Repeat the whole listing word for word, skipping pictures.

→ SUPPLIED MATERIAL
- Opening Delimiter -

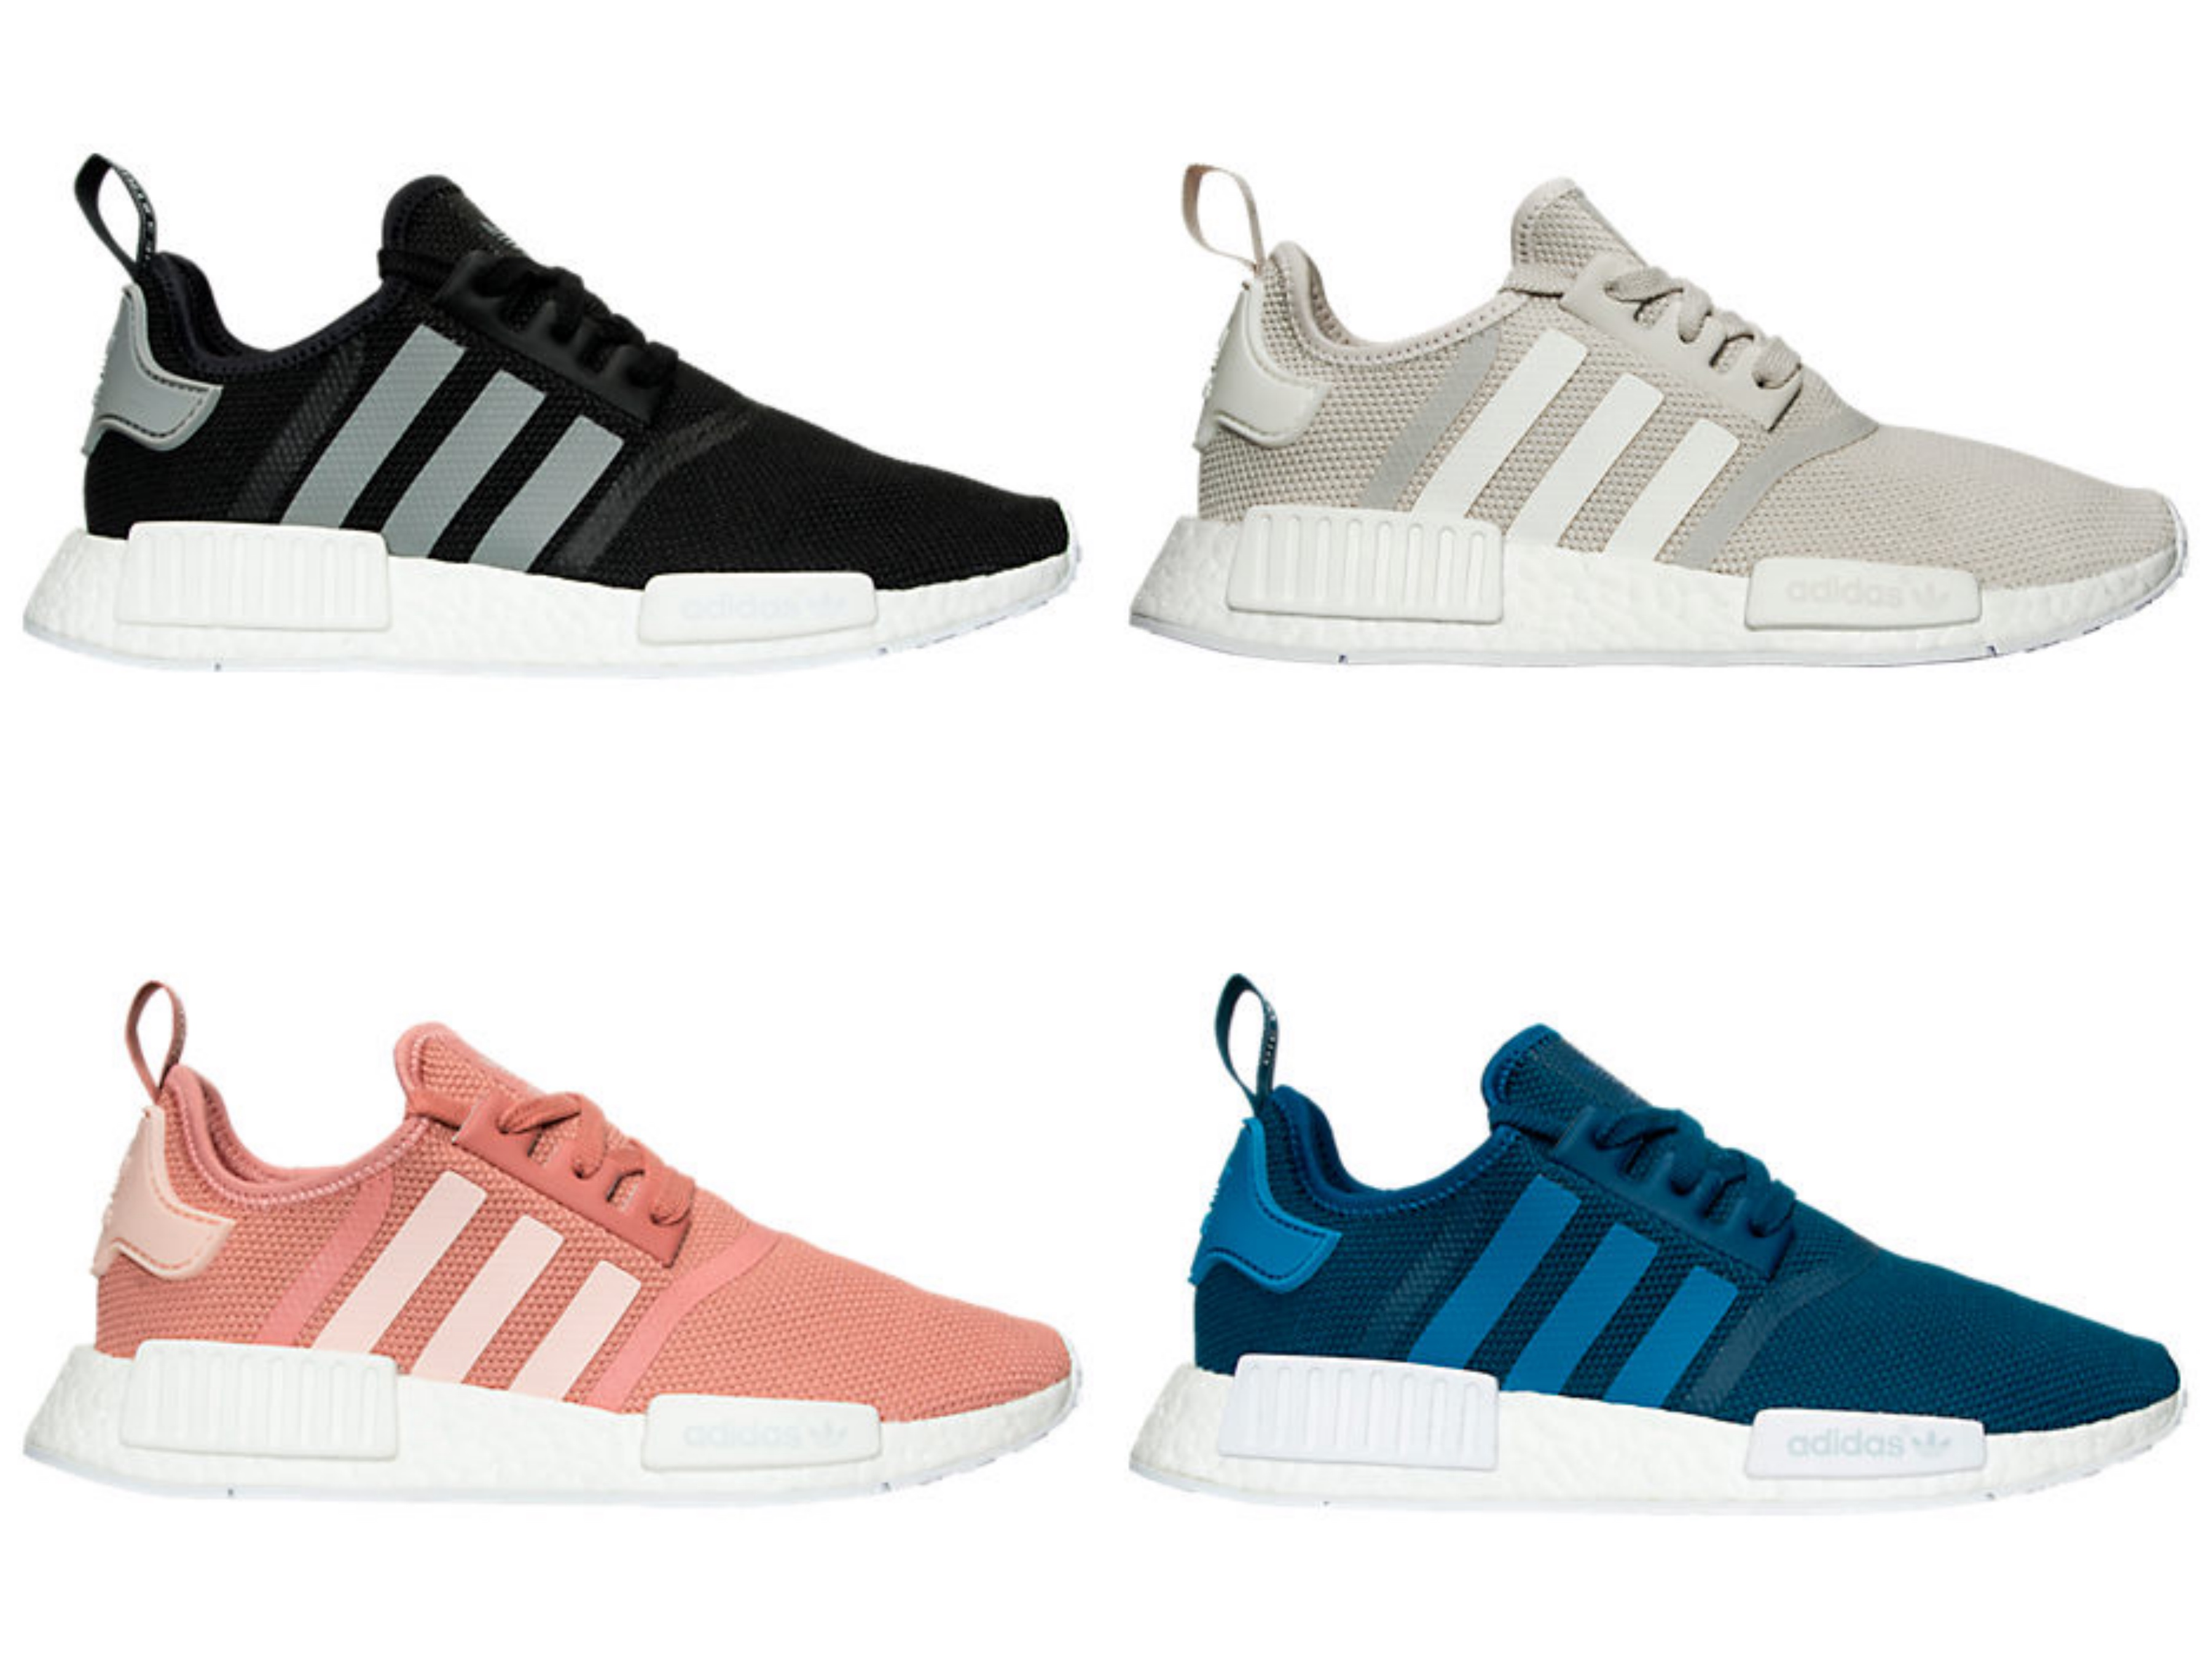 c1dbf10259c1 The adidas NMD R1 Runner Has Restocked in Multiple Colorways ...
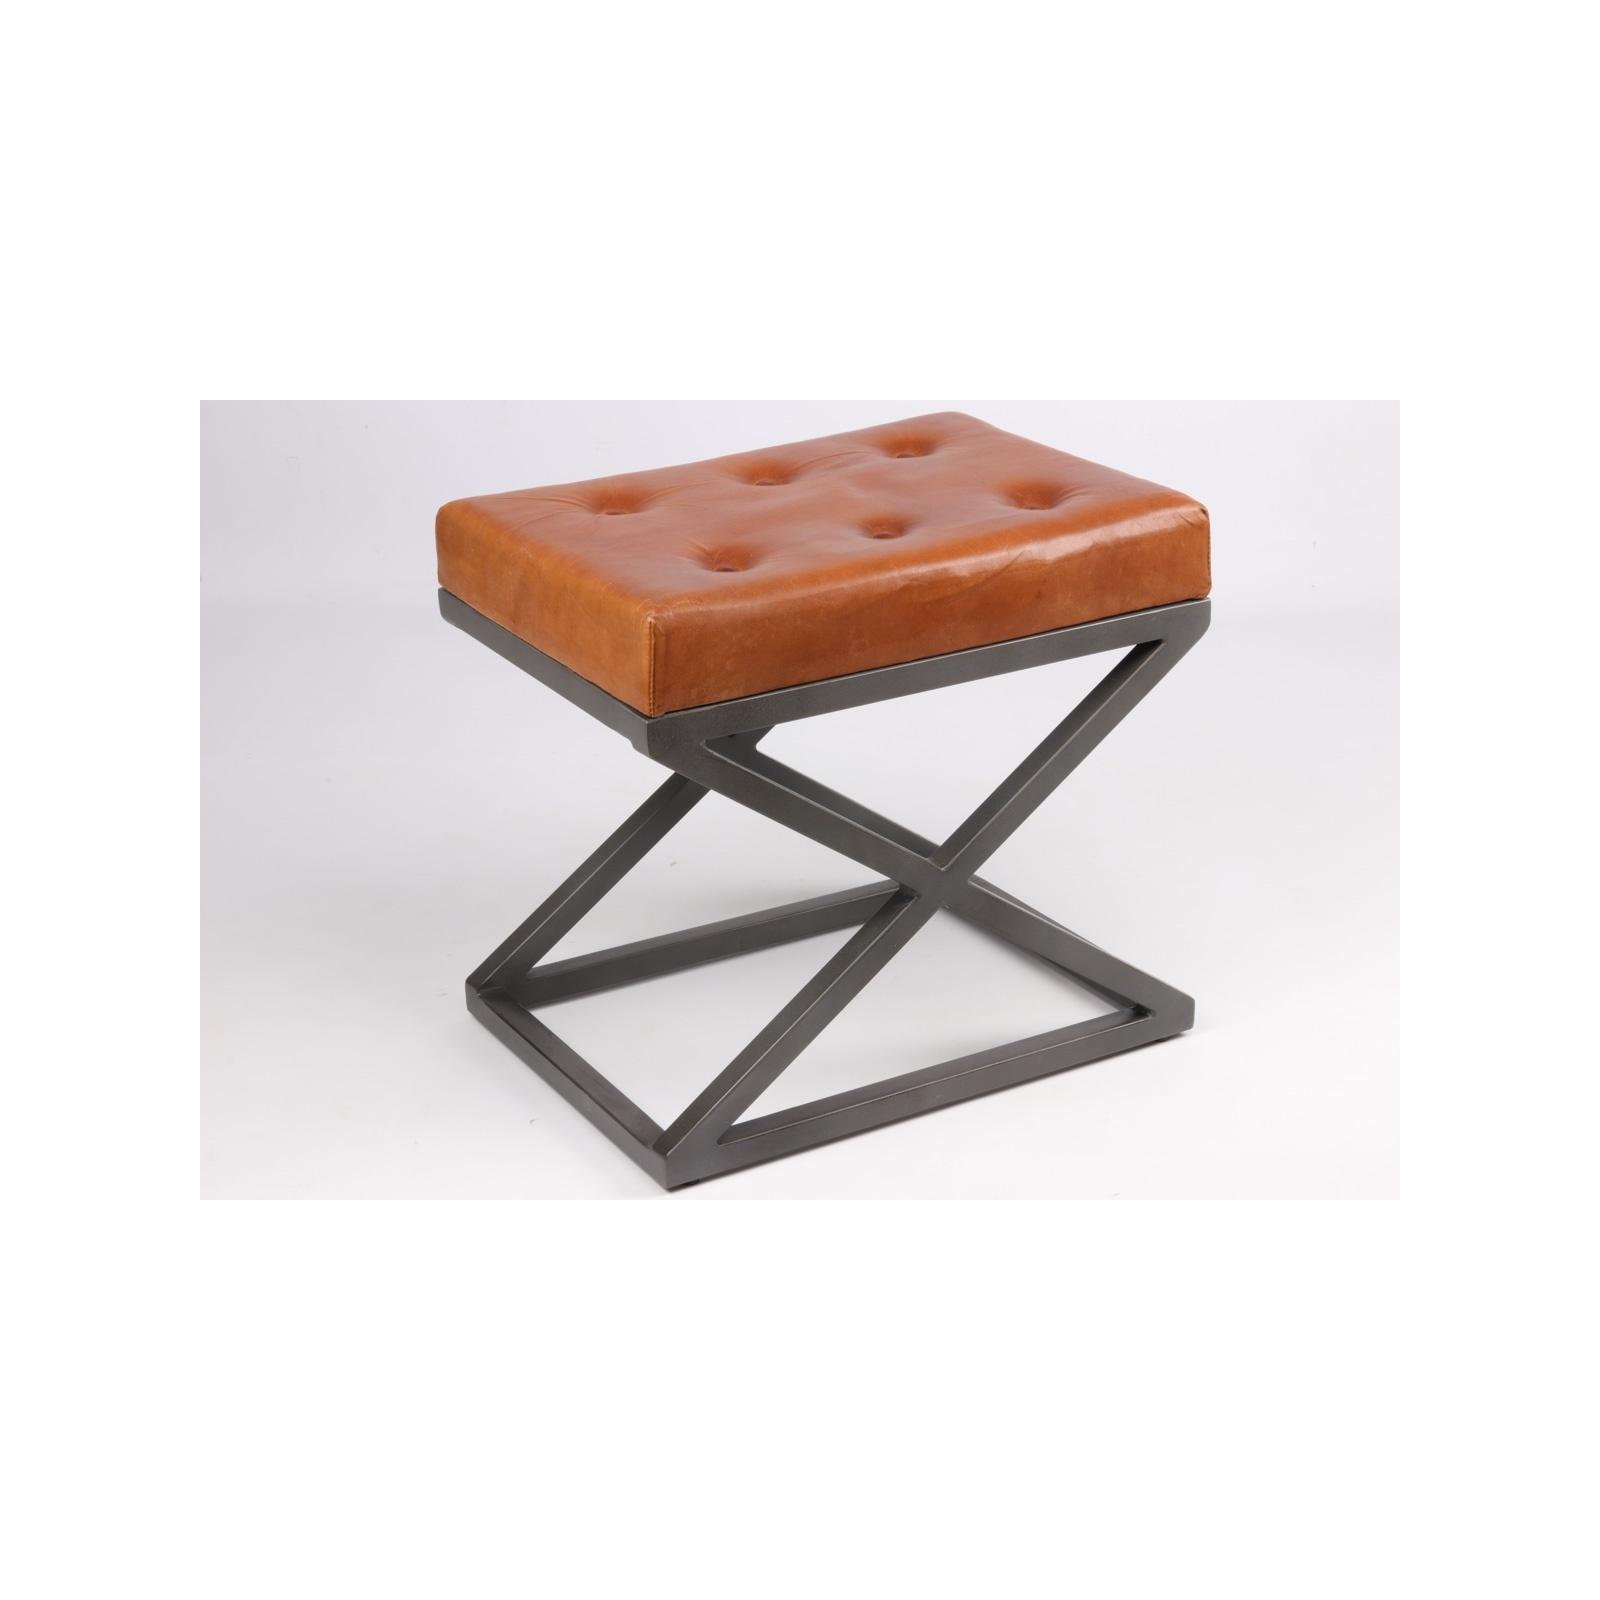 pouf industriel jp2b d coration. Black Bedroom Furniture Sets. Home Design Ideas
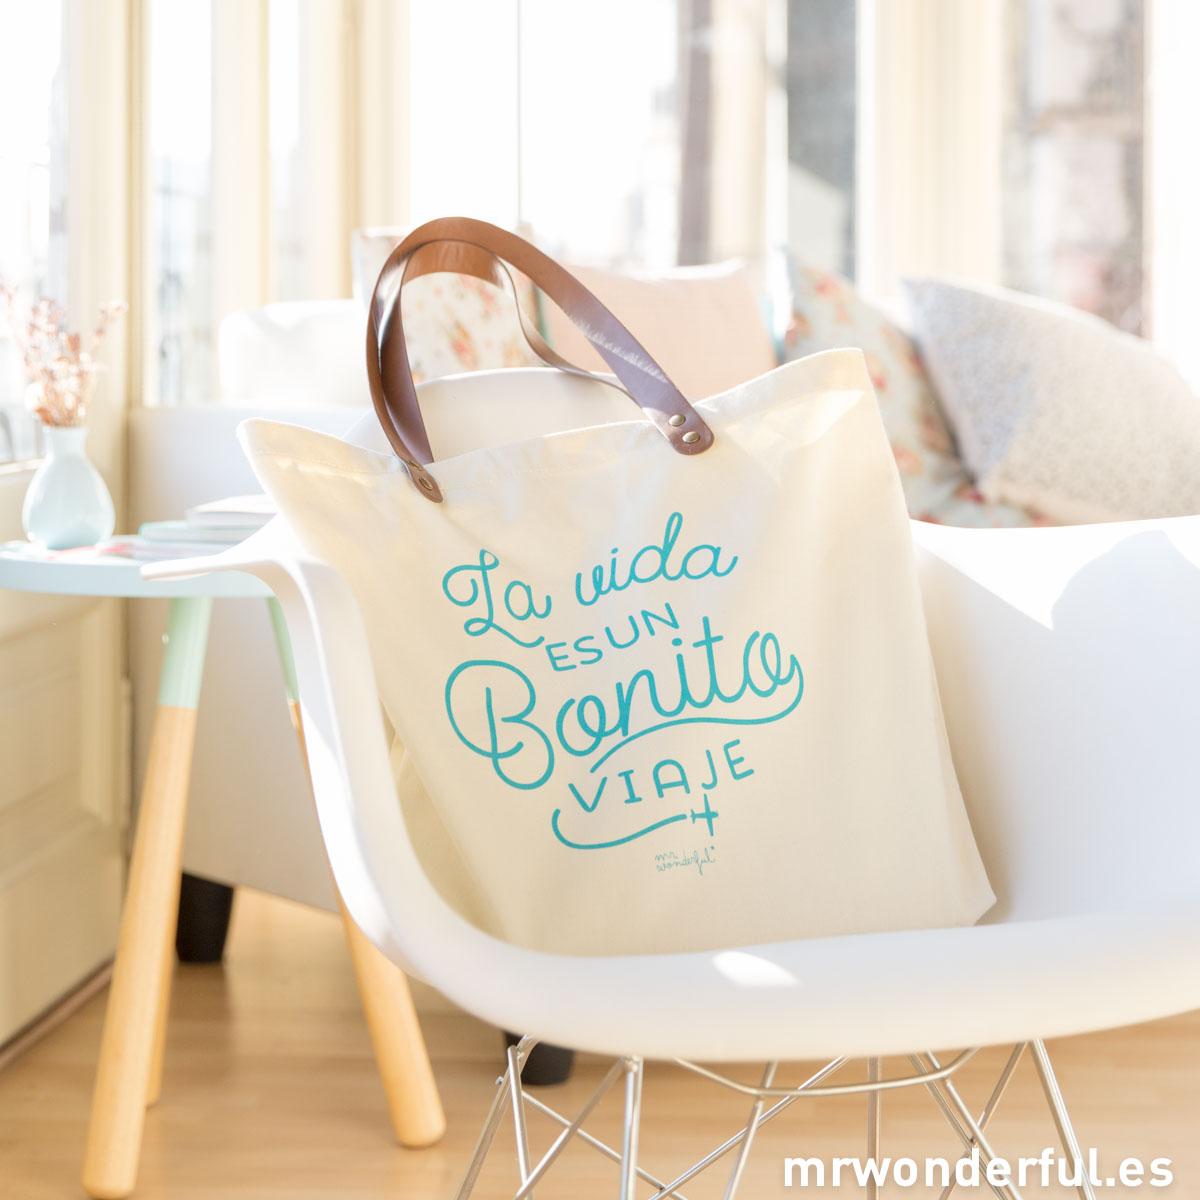 mrwonderful_totebag-la-vida-es-un-bonito-viaje-2015-27

- Closing Delimiter -

→ ANSWER TO THIS EXERCISE
 c1dbf10259c1 The adidas NMD R1 Runner Has Restocked in Multiple Colorways ...
 pouf industriel jp2b d coration. Black Bedroom Furniture Sets. Home Design Ideas
 mrwonderful_totebag-la-vida-es-un-bonito-viaje-2015-27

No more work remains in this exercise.